De behandeling stap voor stap

  1. U krijgt een afspraakbrief en informatie van ons voor de operatie. Daarin staat hoe u zich op de operatie voorbereidt. 1 of 2 dagen voor uw operatie bellen we u om te laten weten hoe laat we u op de dag van de operatie verwachten.

    Als u een verdoving krijgt, heeft u voor de operatie een afspraak met de anesthesioloog. Hiervoor gaat u naar de Pre Operatieve Polikliniek Anesthesiologie (POPA).

    Als u een verdoving krijgt, kunt u na de behandeling niet alleen naar huis. Vraag iemand die u thuis kan brengen. We kunnen ook een taxi voor u bellen.

  2. Voor de operatie gaat u naar Operatief Dagbehandeling Centrum (ODBC).

  3. U krijgt eerst uitleg over de behandeling. Daarna gaat u naar de operatiekamer. Het verloop van de behandeling hangt af van de operatie die u krijgt:

    Percutane naald fasciotomie

    U krijgt een plaatselijke verdoving in uw hand. Daarna snijden we de strengen die de vingers kromtrekken door met een naald. Dit kan gevoelig zijn.  
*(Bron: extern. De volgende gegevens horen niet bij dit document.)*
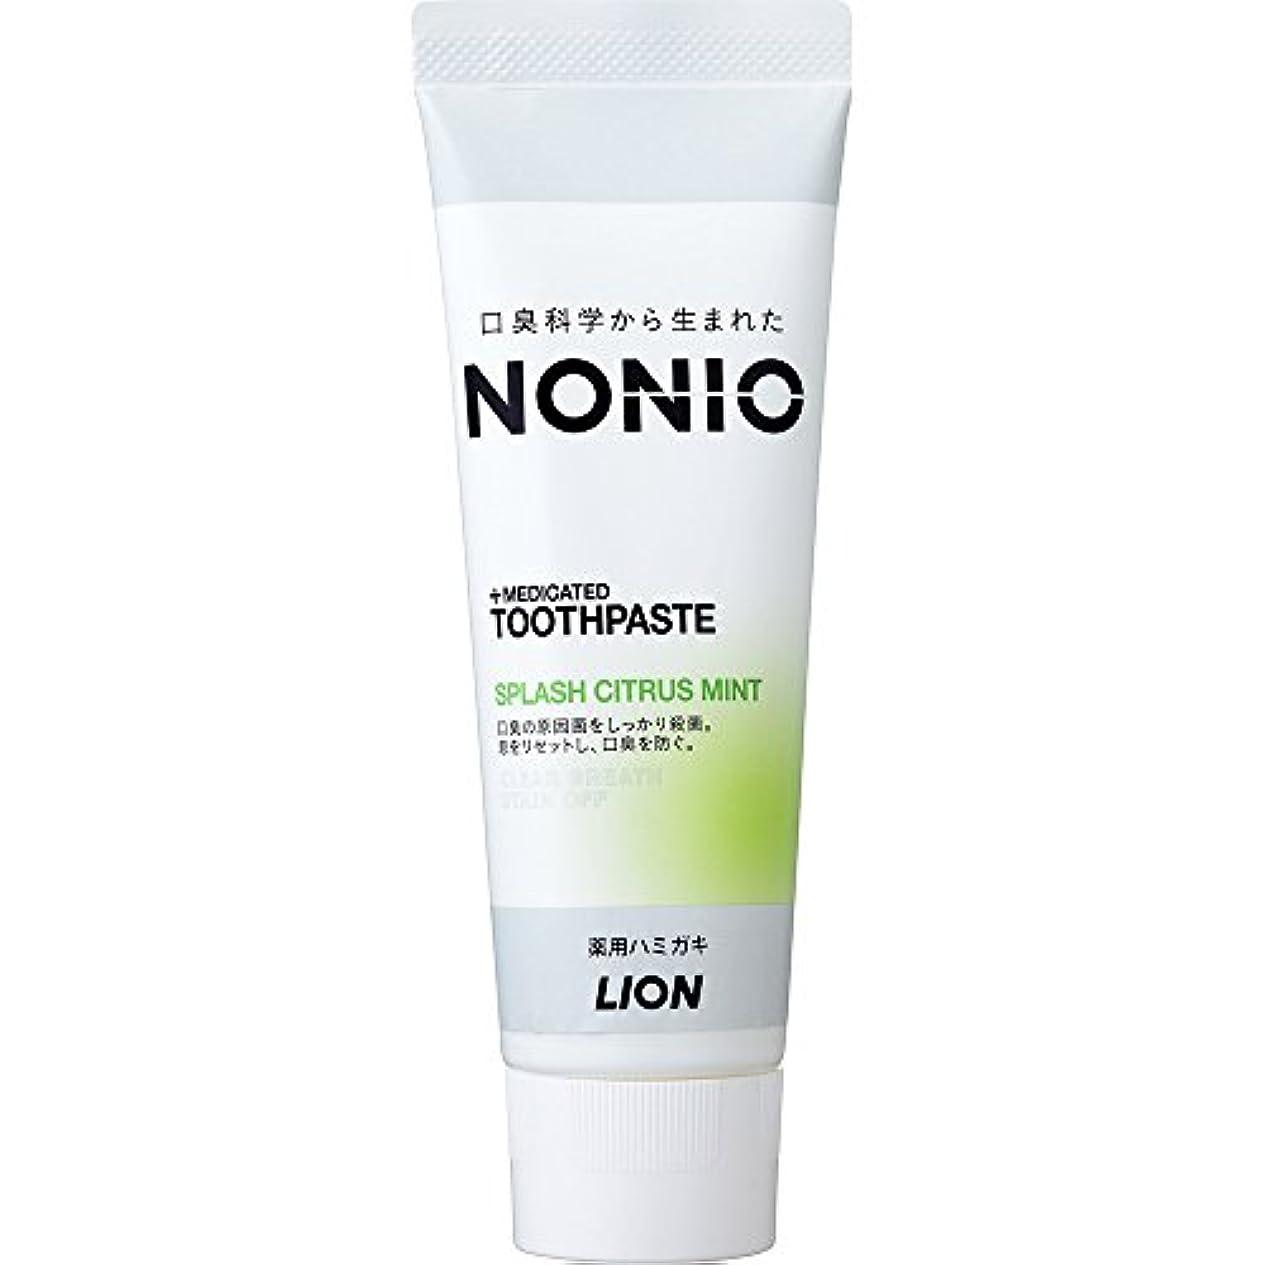 平らにする締め切り膜NONIO ハミガキ スプラッシュシトラスミント 130g (医薬部外品)
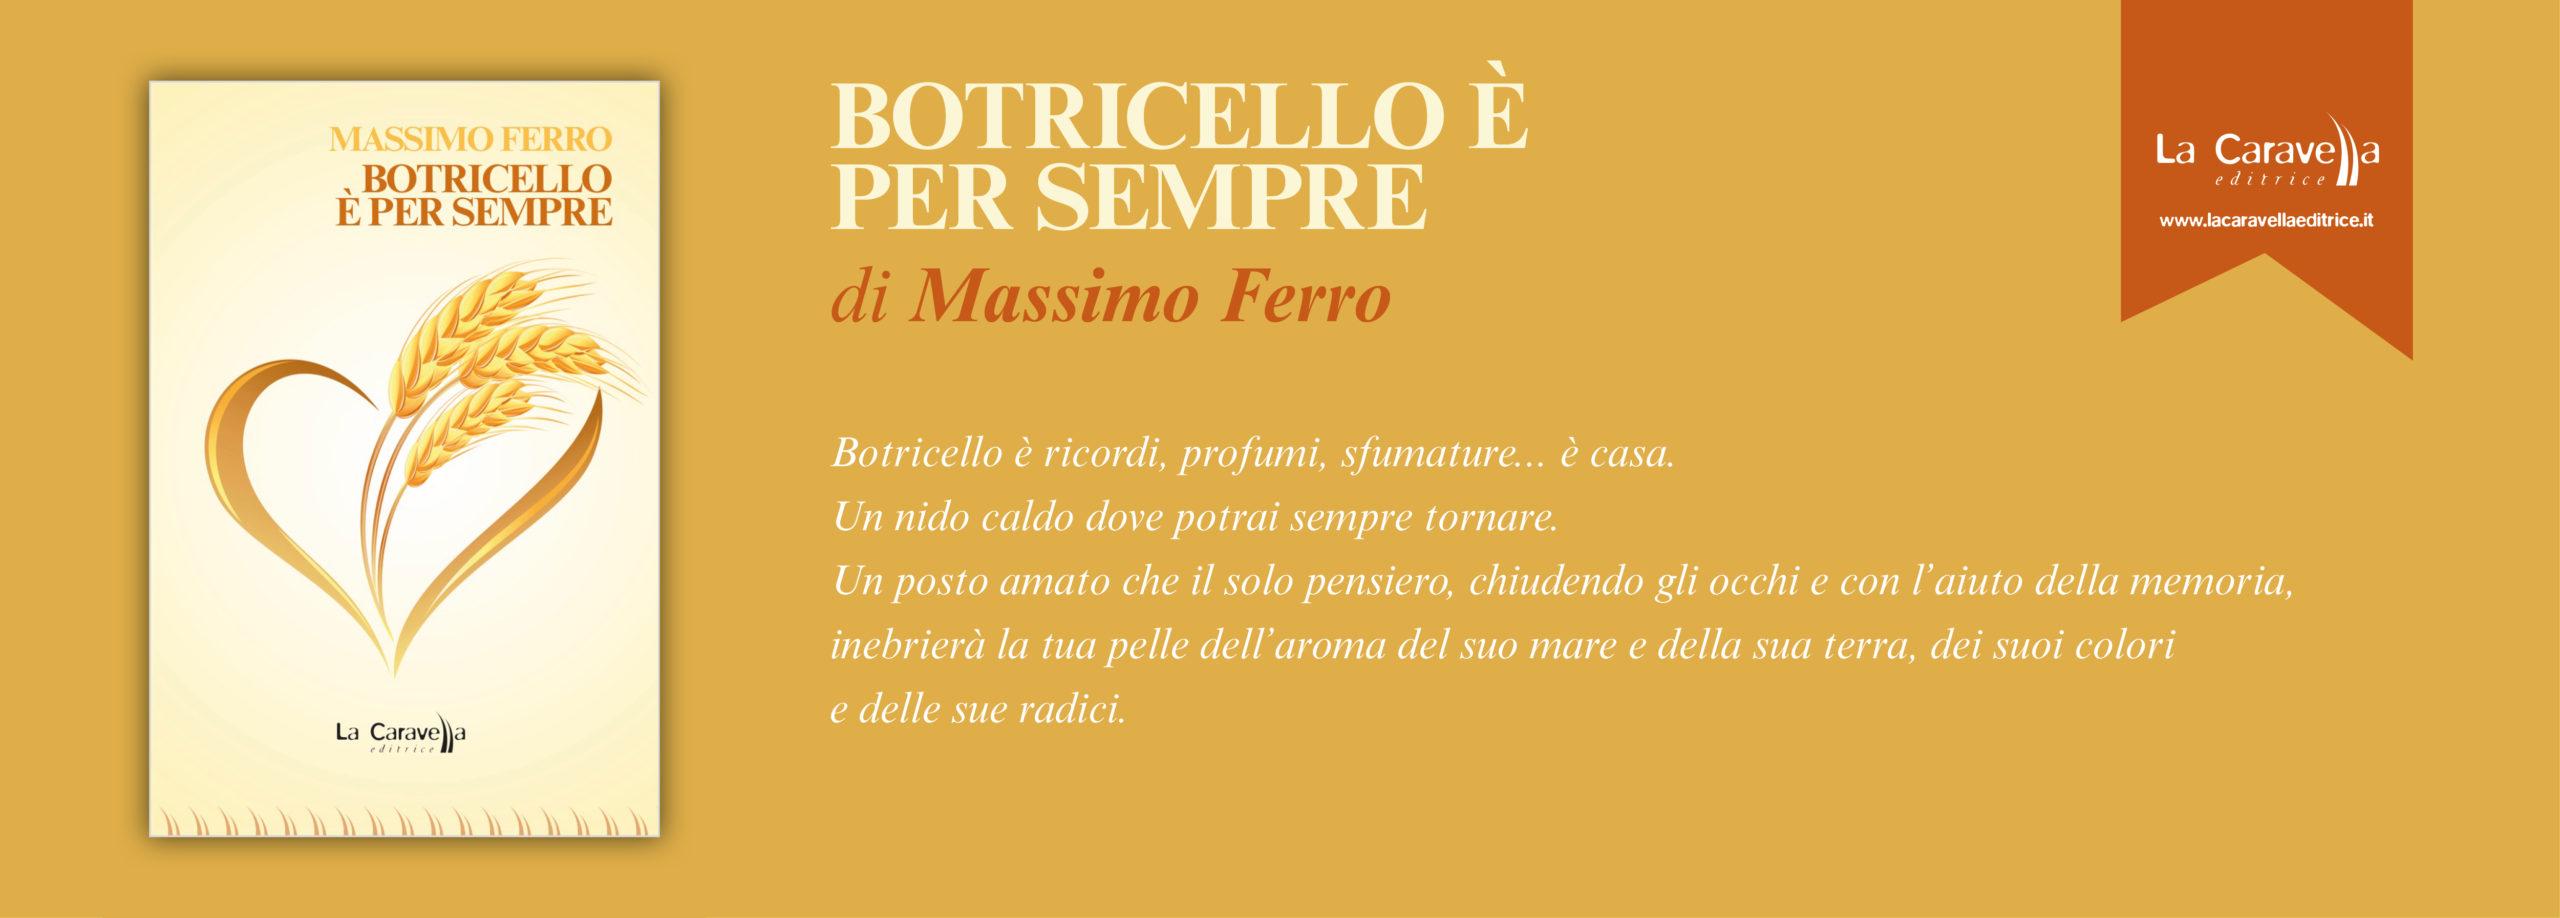 NUOVE USCITE: BOTRICELLO È PER SEMPRE di Massimo Ferro

    Selectieve fasciectomie

    Voor deze operatie gaat u onder narcose of we verdoven uw hele arm. Dat heeft de arts van tevoren met u besproken. U krijgt dan een prik met een verdovende vloeistof in uw hals of oksel. Uw arm voelt daarna warm en zwaar aan. Het gevoel in uw arm verdwijnt, en kunt u uw arm niet meer bewegen. Veel patiënten zeggen dat dit voelt alsof de arm rechtop staat of op de buik ligt.

    U krijgt daarna een band om uw bovenarm. Die pompen we op. Dit lijkt op een bloeddrukmeting. De band zorgt ervoor dat het bloed niet meer door de arm kan stromen en de bloedvaten leeg blijven. De arts haalt de band meteen na de operatie weer weg.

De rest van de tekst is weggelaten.